## Aim of the exercise
Output the data below exactly, images excluded.

## Dataset content
==================================================

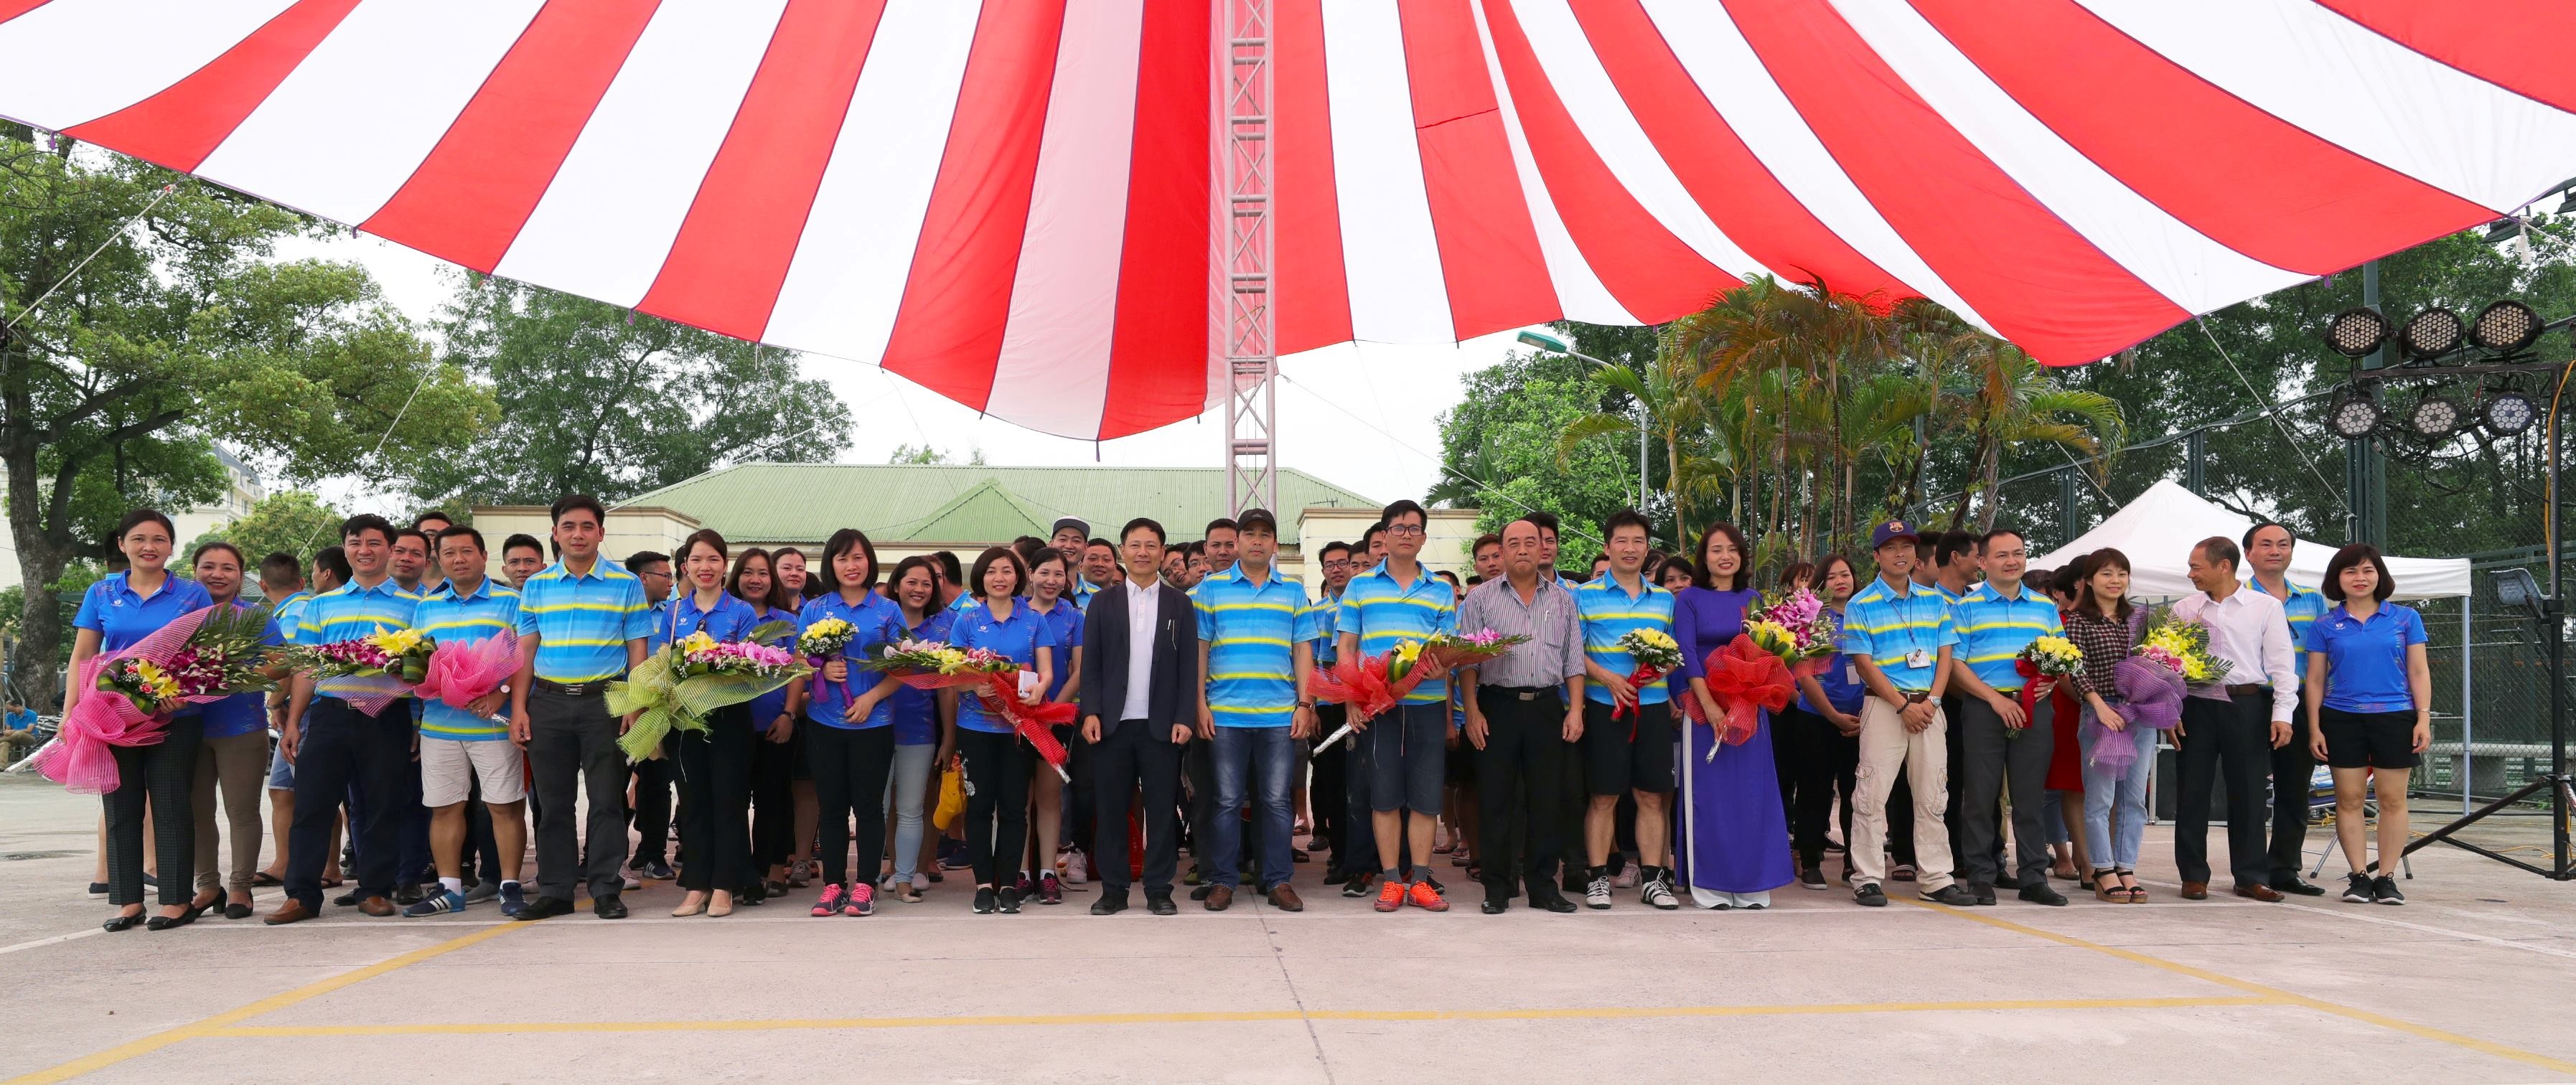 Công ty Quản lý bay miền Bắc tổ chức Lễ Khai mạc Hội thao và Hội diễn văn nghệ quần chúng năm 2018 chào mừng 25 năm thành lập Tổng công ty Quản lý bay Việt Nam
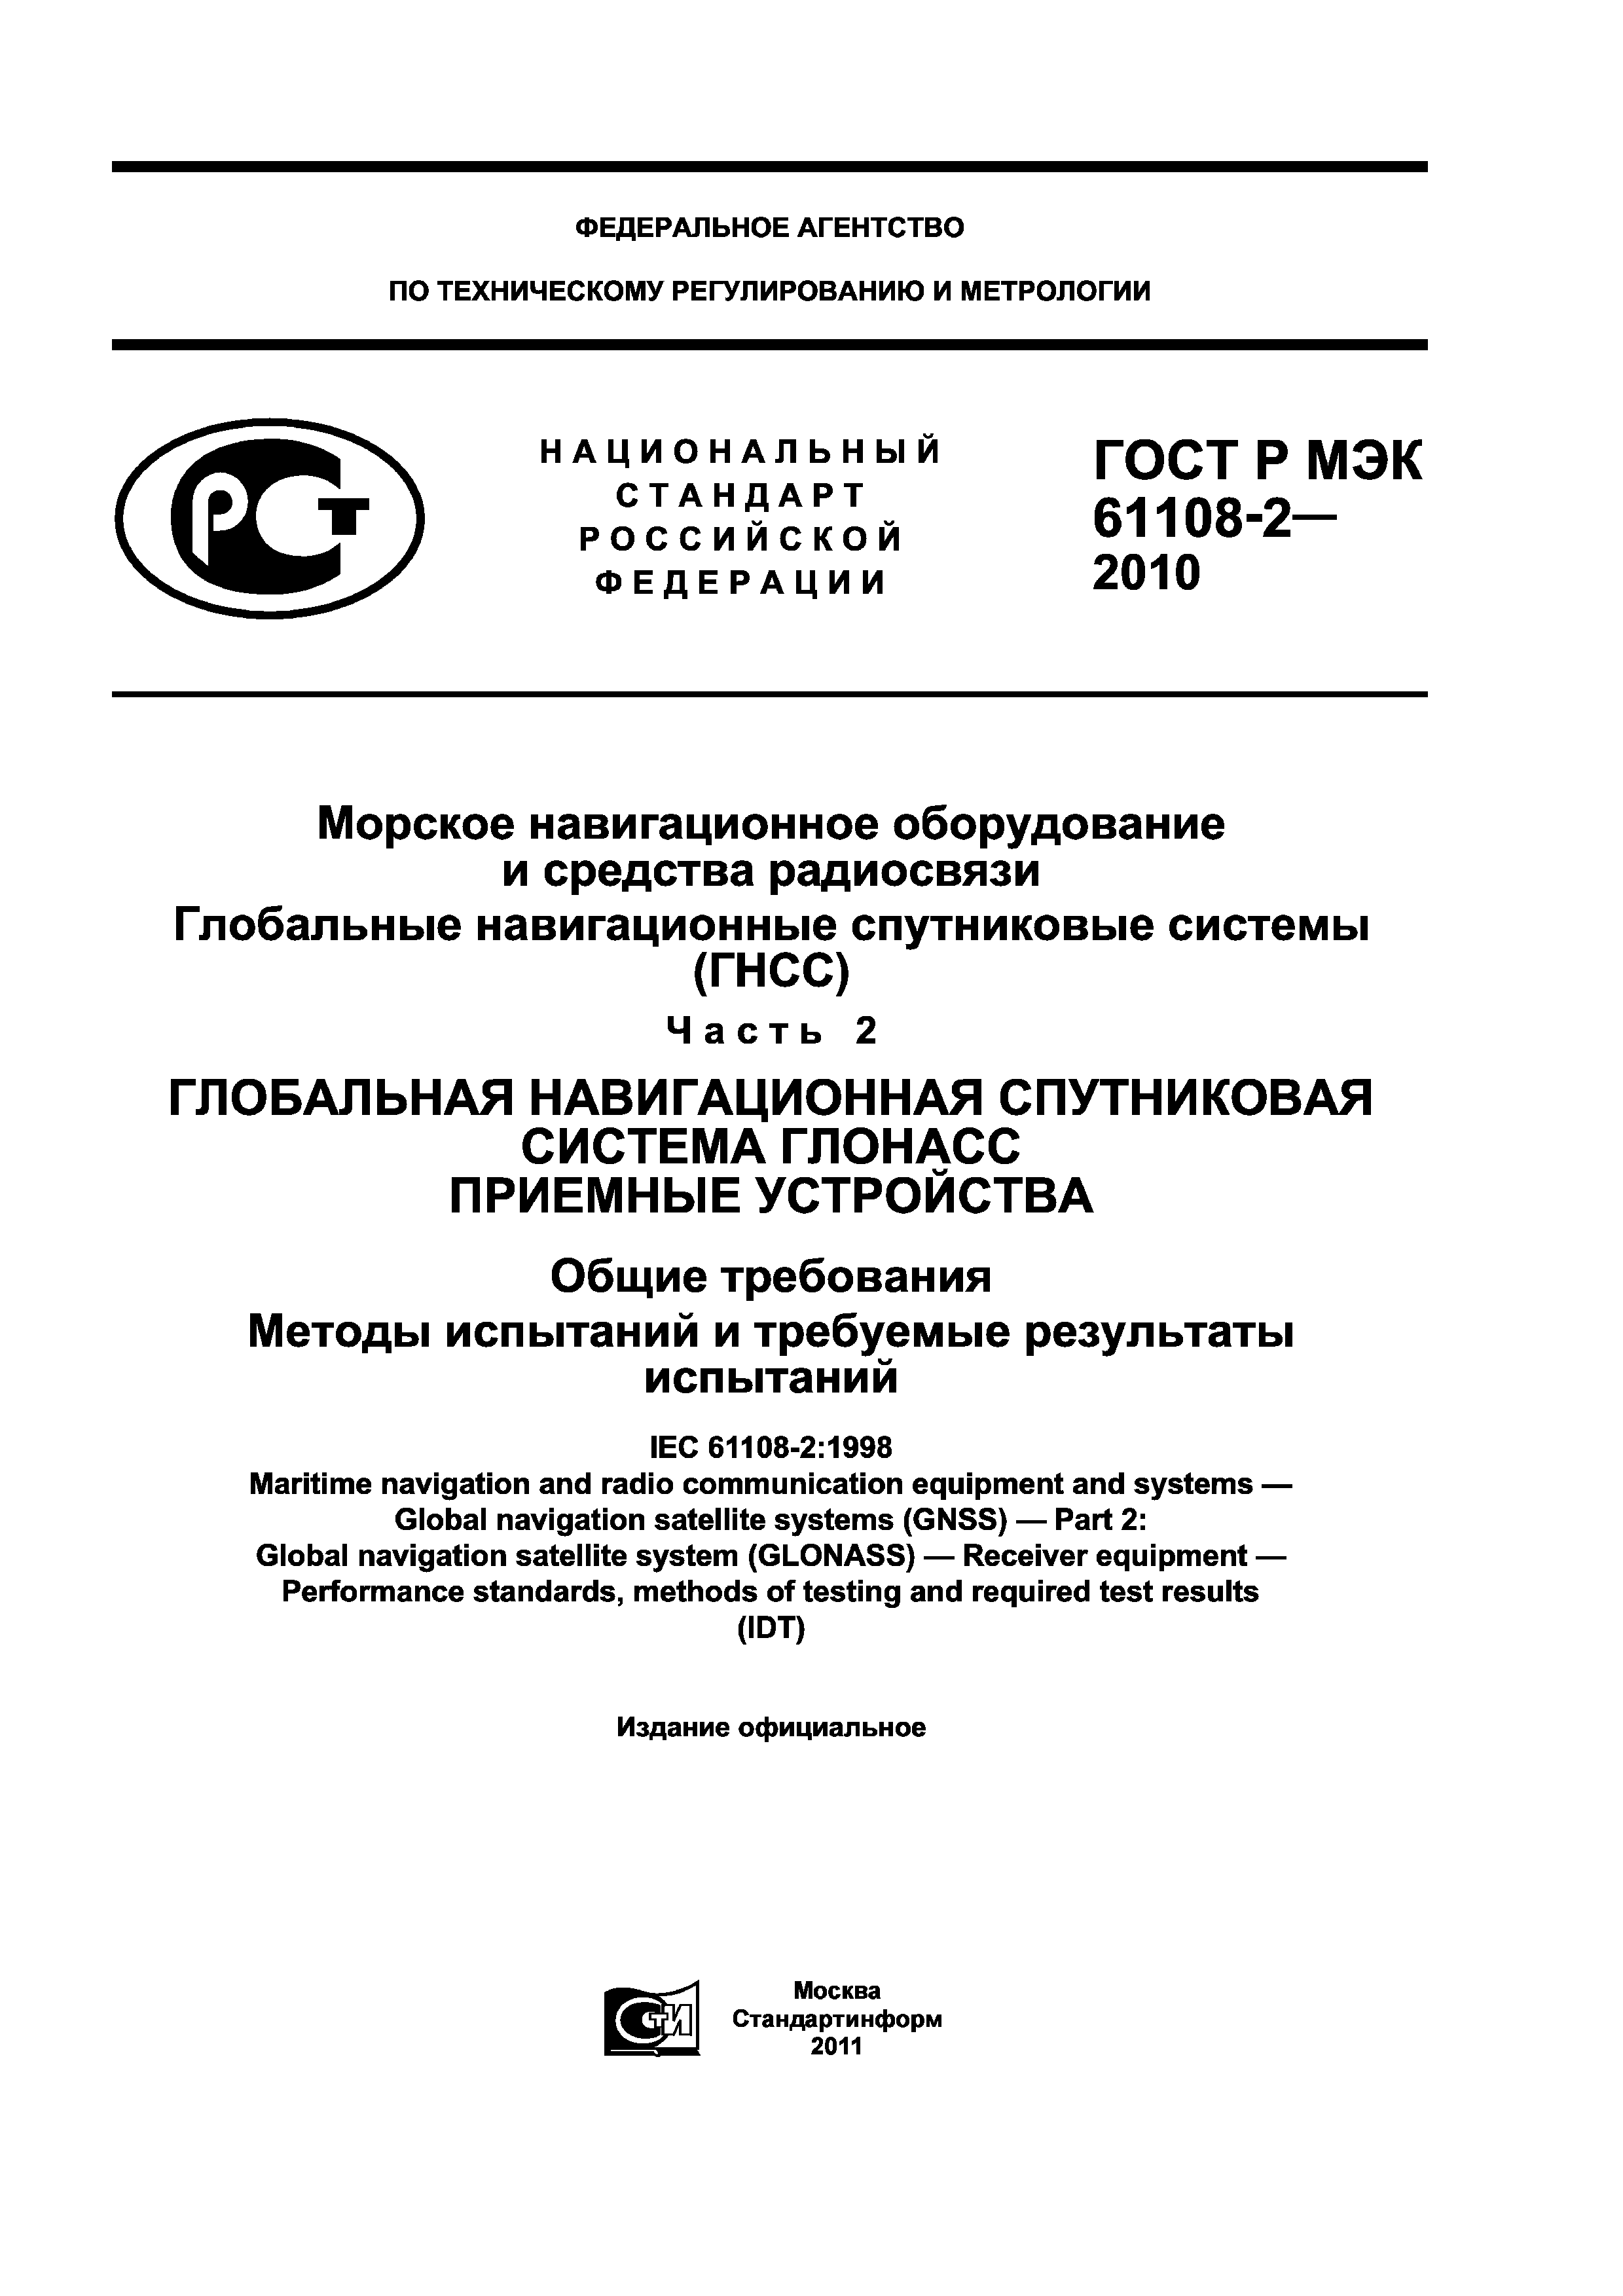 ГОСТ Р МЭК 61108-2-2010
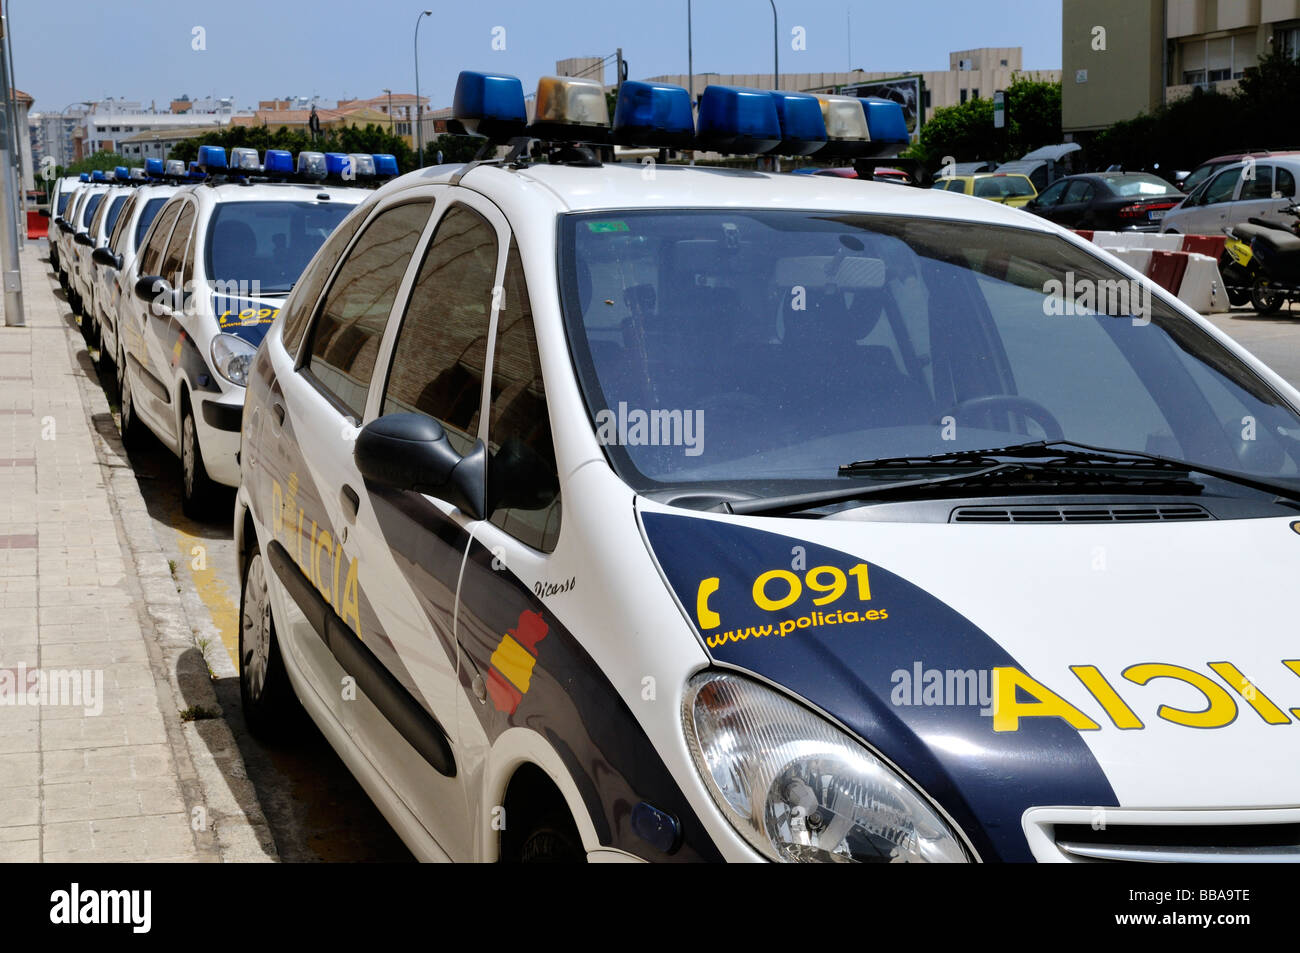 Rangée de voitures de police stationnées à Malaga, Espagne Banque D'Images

==================================================

## Result
 Công ty Quản lý bay miền Bắc tổ chức Lễ Khai mạc Hội thao và Hội diễn văn nghệ quần chúng năm 2018 chào mừng 25 năm thành lập Tổng công ty Quản lý bay Việt Nam
 ГОСТ Р МЭК 61108-2-2010
 Rangée de voitures de police stationnées à Malaga, Espagne Banque D'Images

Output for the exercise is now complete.